Here we go again and this week it’s only apt that we continue to spread the Scorpions’ feelgood factor in our regular look at our favourite records from the late 80s and early 90s – and their modern-day rivals for our affections.
Now: 2007 Humanity: Hour 1 (BMG) sees a bunch of old blokes with a huge back catalogue prove there’s still a sting in the tail of the Scorpions.
In an age when the concept record is suddenly cool again our favourite Tuetonic terrors get their teeth into 12 typically emotive slabs of melodic rock and leave fans gripped from start to finish.
The Scorpions, of course, have always had a social conscience and whether they’re whistling about the fall of Communism or taking a serious look at our global future they manage to do so with a certain panache. And this outstanding record is chock full of enough hook-laden tunes to ensure there’s no need to buy into the full concept every time.
We Were Born To Fly and You’re Lovin’ Me To Death are deliciously Scorpions as Klaus Meine stands toe-to-toe with fellow veteran crooners David Coverdale and Joe Lynn Turner in the battle for vocal supremacy. This is a record to impress the band’s 70s die-hards, their 80s fanatics and the Johnny-come-latelies of the Wind Of Change-era 90s.

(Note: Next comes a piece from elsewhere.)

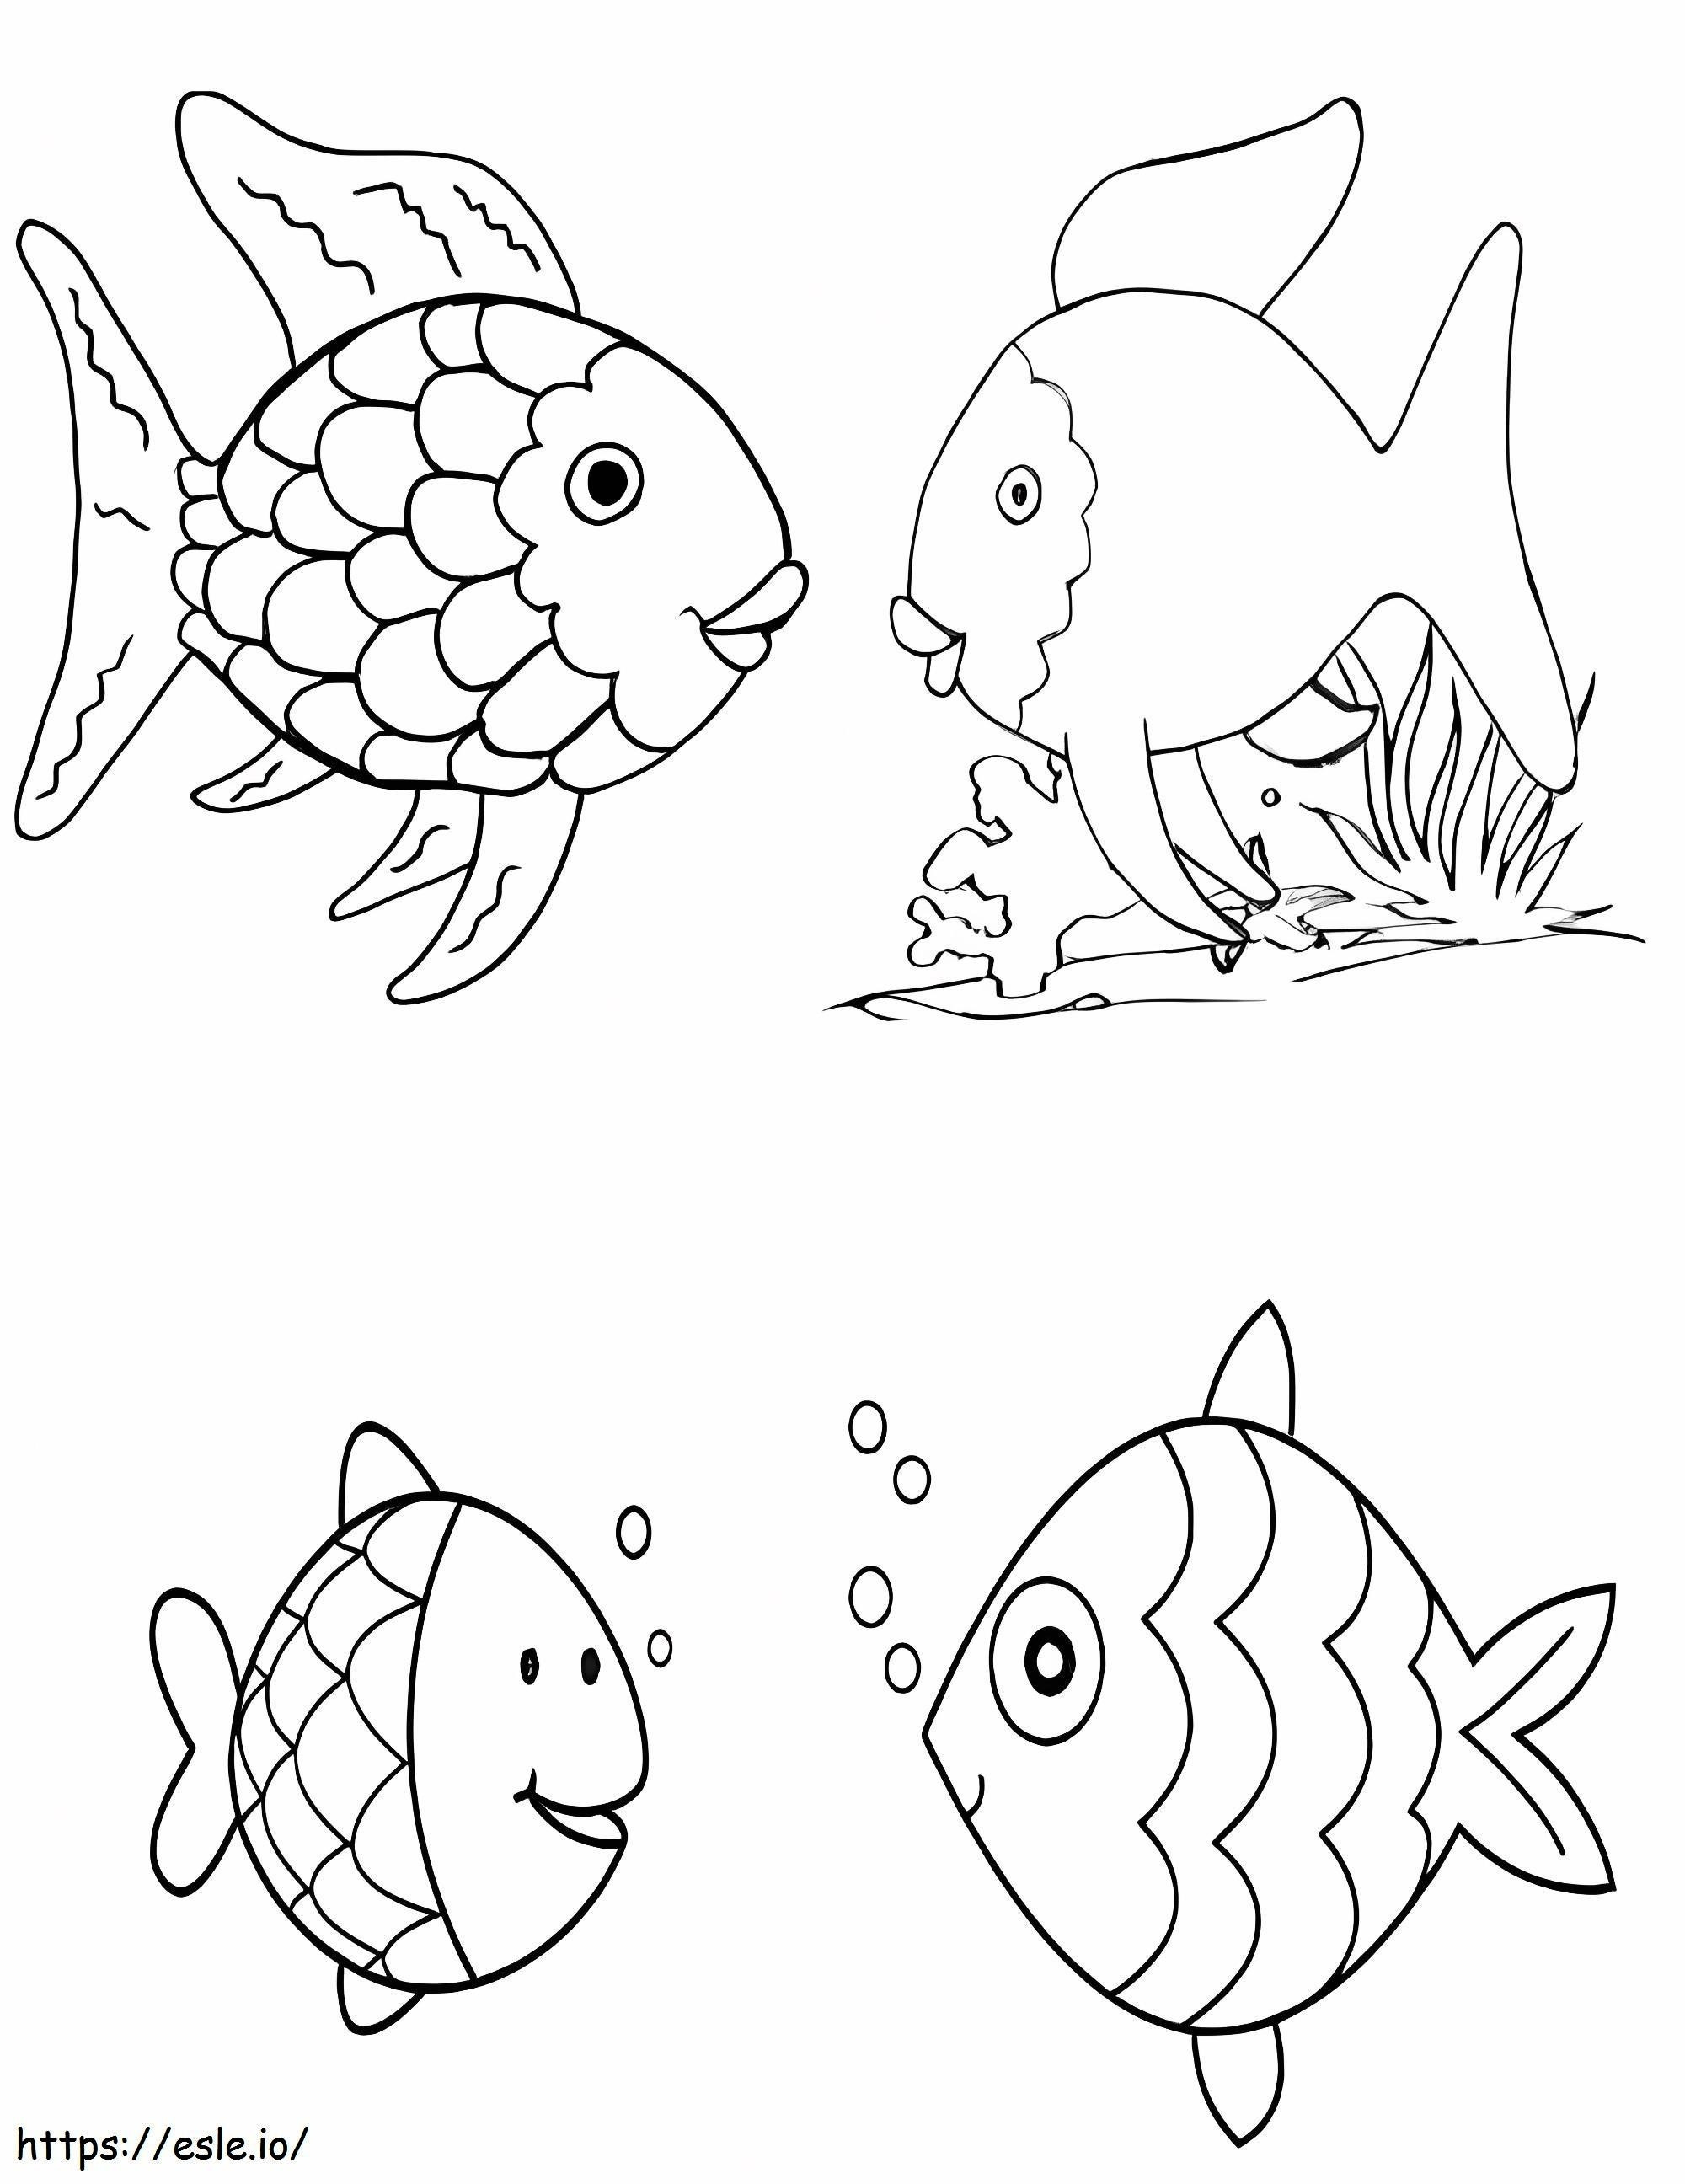 Vier Regenbogenfische ausmalbilder
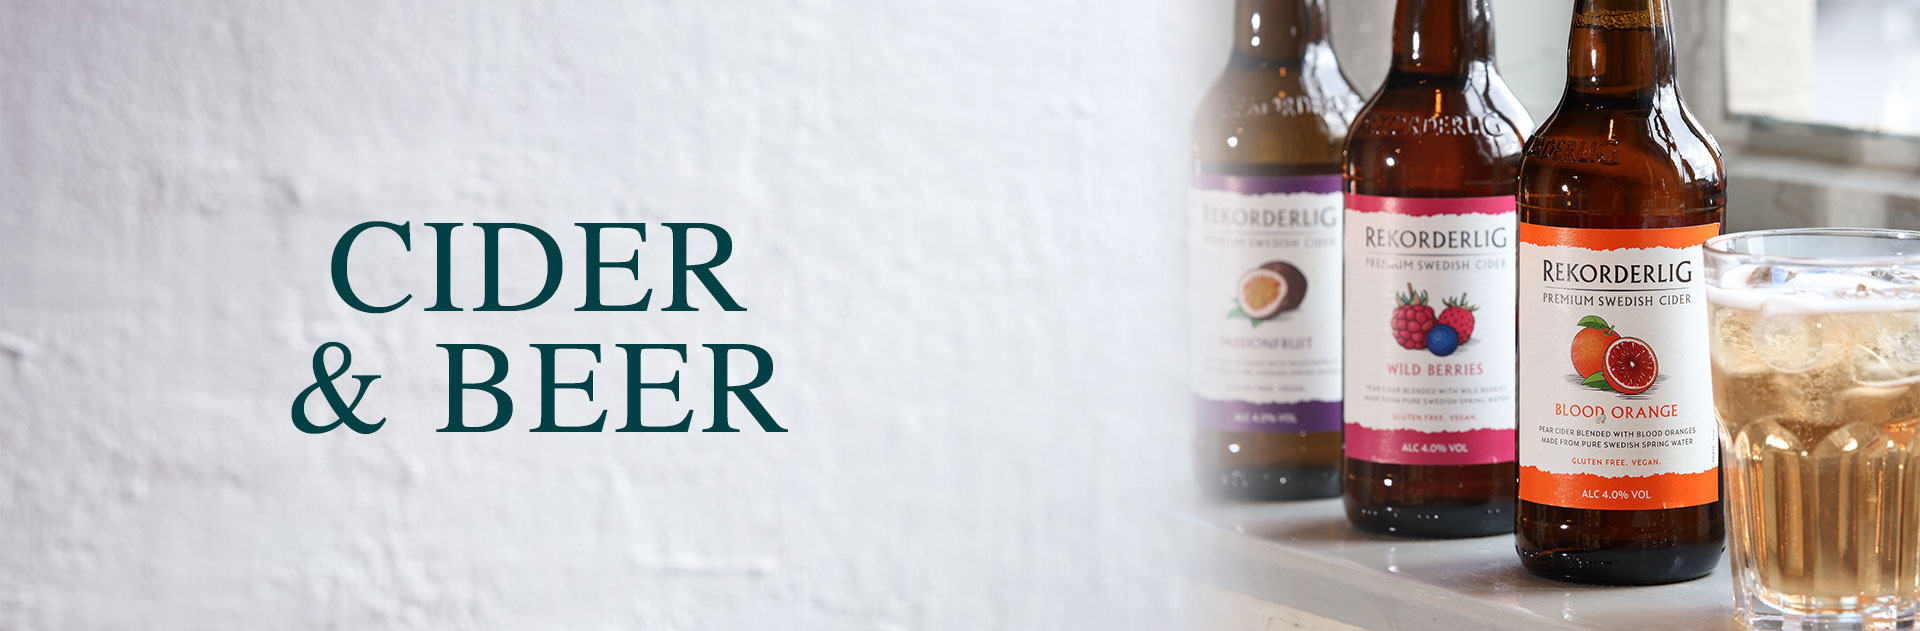 Beer & Cider at Ember Woodpecker

More significantly it proves there is a place for the Scorpions almost a decade into the 21st century – even if an often sobering album suggests that place is going to pot.
rushonrock rated: 8/10 Scorp Blimey!
…And Then: 1990 Crazy World (Mercury) is the ballad-packed smash hit record which secured the Scorpions a new global fan base on the back of a classic song with a whistled melody.
Wind Of Change is, to this day, the one song music fans will point to when asked to name a tune by Germany’s biggest-selling rock band. And yet Send Me An Angel, from the same album, is the superior lighter-waving anthem – even if it lacks Klaus Meine’s pursed lips and a political message.
At a time when hair metal ruled, this Keith Olsen-produced opus was up there alongside anything Def Leppard, Whitesnake, Motley Crue or Aerosmith could manage. The ballads aside there were enough formulaic Scorpions rockers to keep the band’s increasingly disbelieving fan base at bay – although there is no doubt this album divided opinion right down the middle.
For those of us who like our production slick, our choruses big and our guitar solos crisp and catchy there’s an argument to say this is the best thing the Scorpions ever did. But it’s no surprise that a band rooted in superior late 70s/early 80s melodic rock was able to rise to the challenge of the MTV generation and lay down their own marker in an era when looks weren’t everything.